**WORK TO COMPLETE**
Beginning with the line containing "BOXLIGHT MP-42T manual" and going on through the line containing "Finance Branch Manager", the lines below are to be returned exactly, pictures excluded and nothing added.

**EXERCISE DATA**
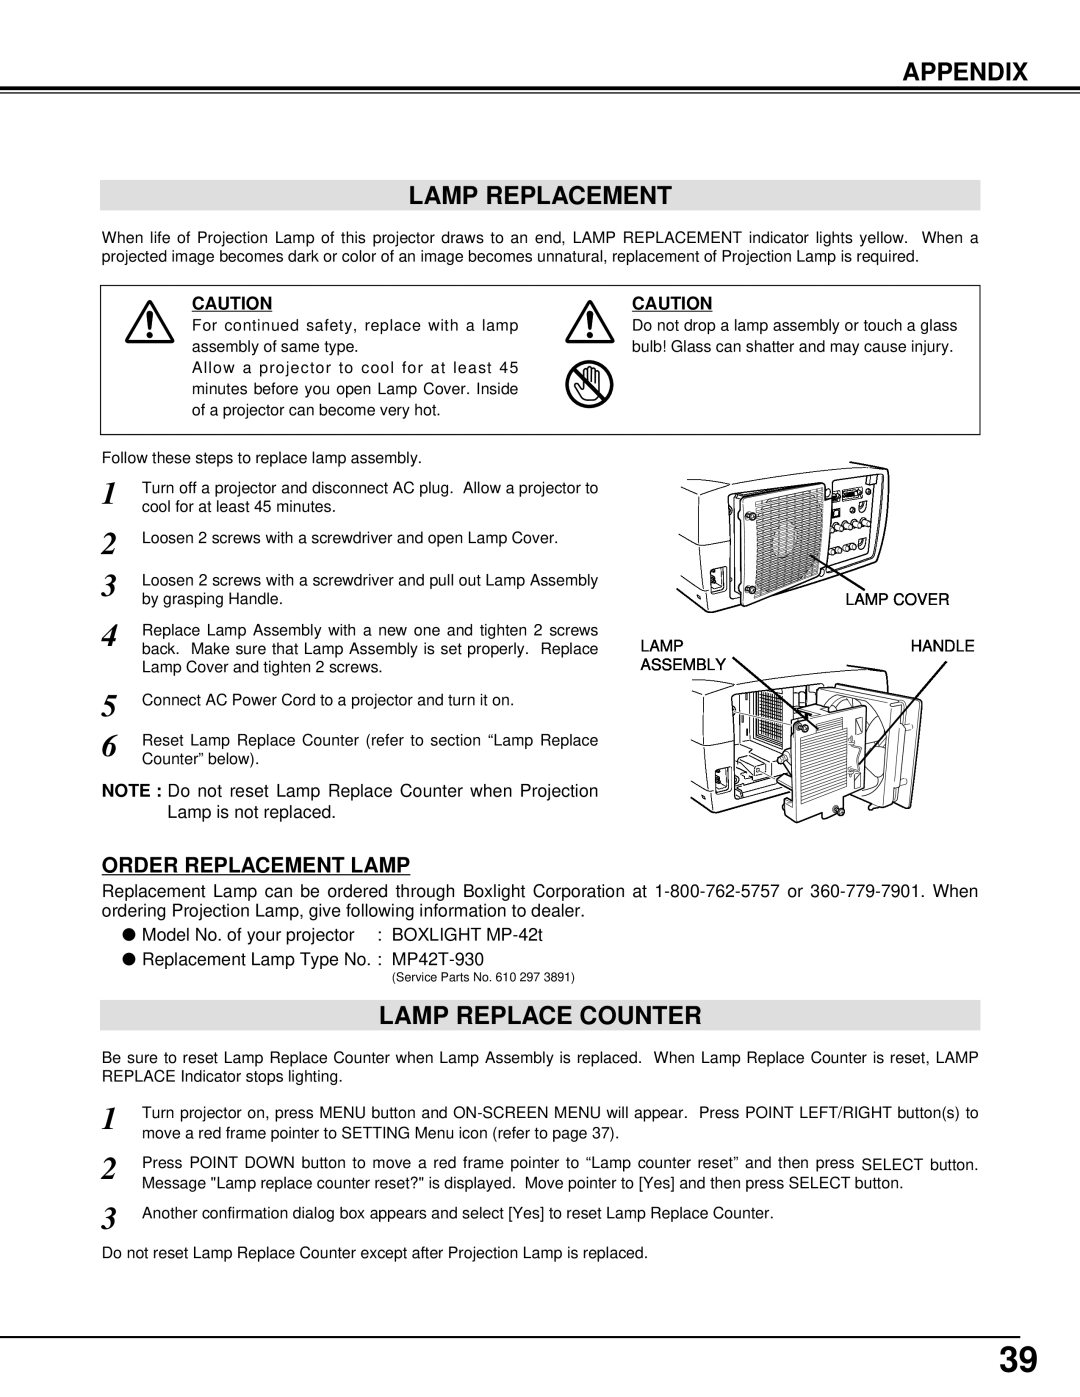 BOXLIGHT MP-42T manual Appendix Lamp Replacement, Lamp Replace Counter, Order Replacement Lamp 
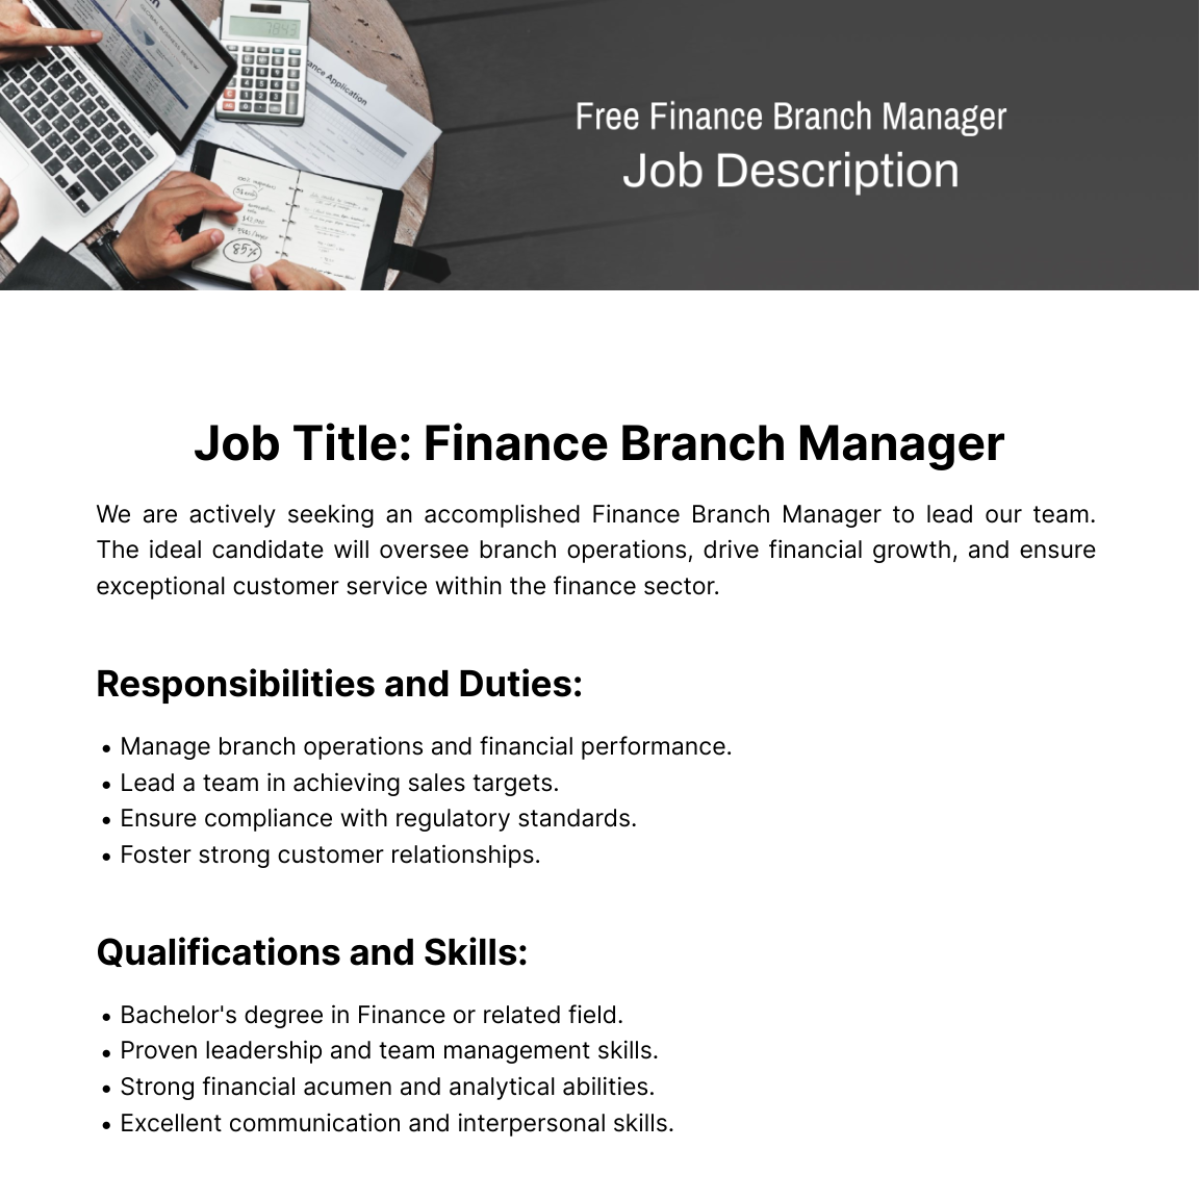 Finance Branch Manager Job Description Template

...

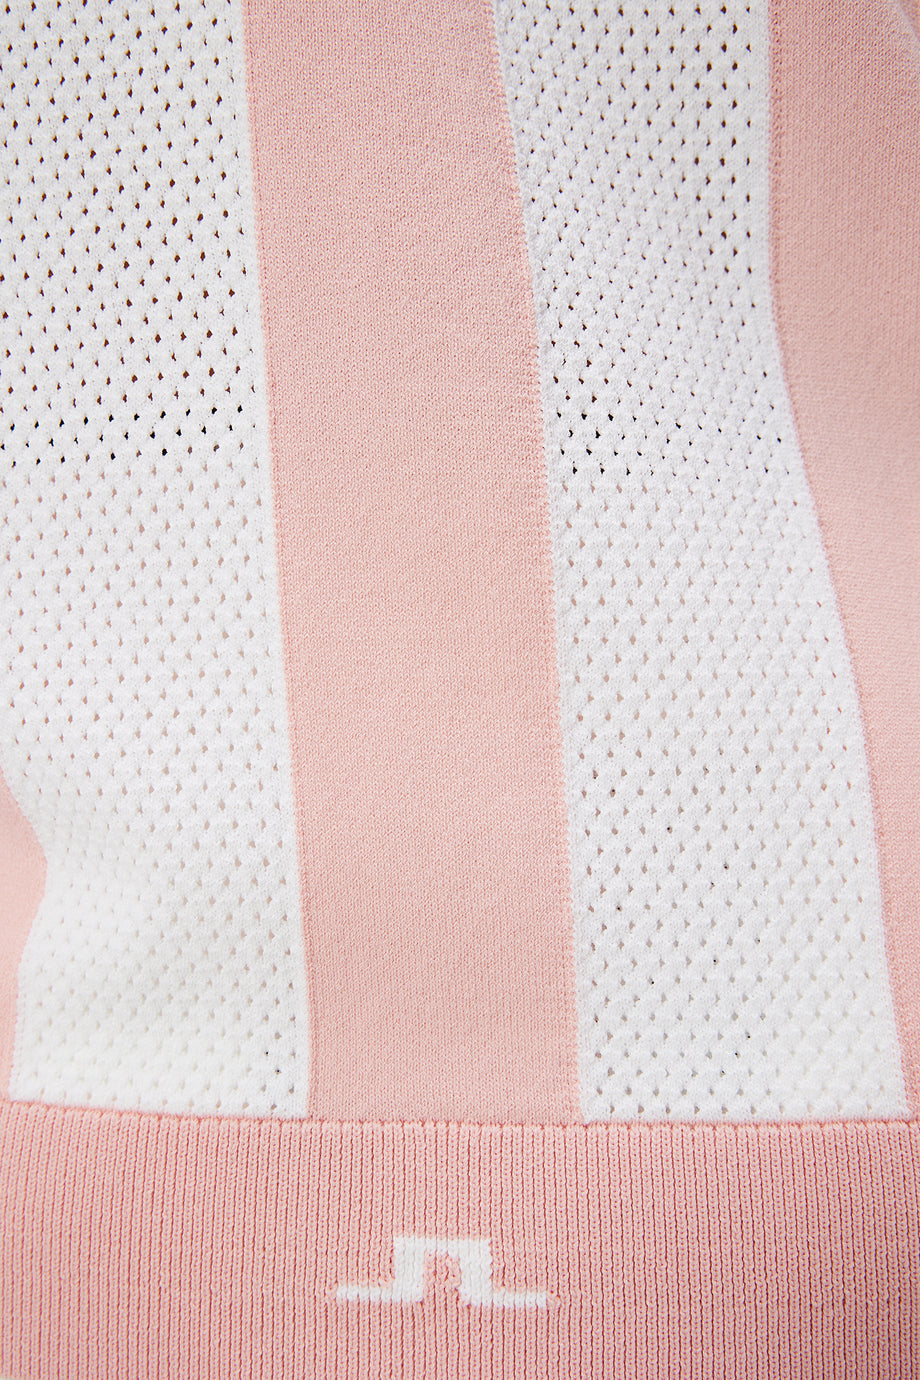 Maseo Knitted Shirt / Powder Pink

**SOLUTION TO THIS TASK**
 BOXLIGHT MP-42T manual Appendix Lamp Replacement, Lamp Replace Counter, Order Replacement Lamp 
 Finance Branch Manager Job Description Template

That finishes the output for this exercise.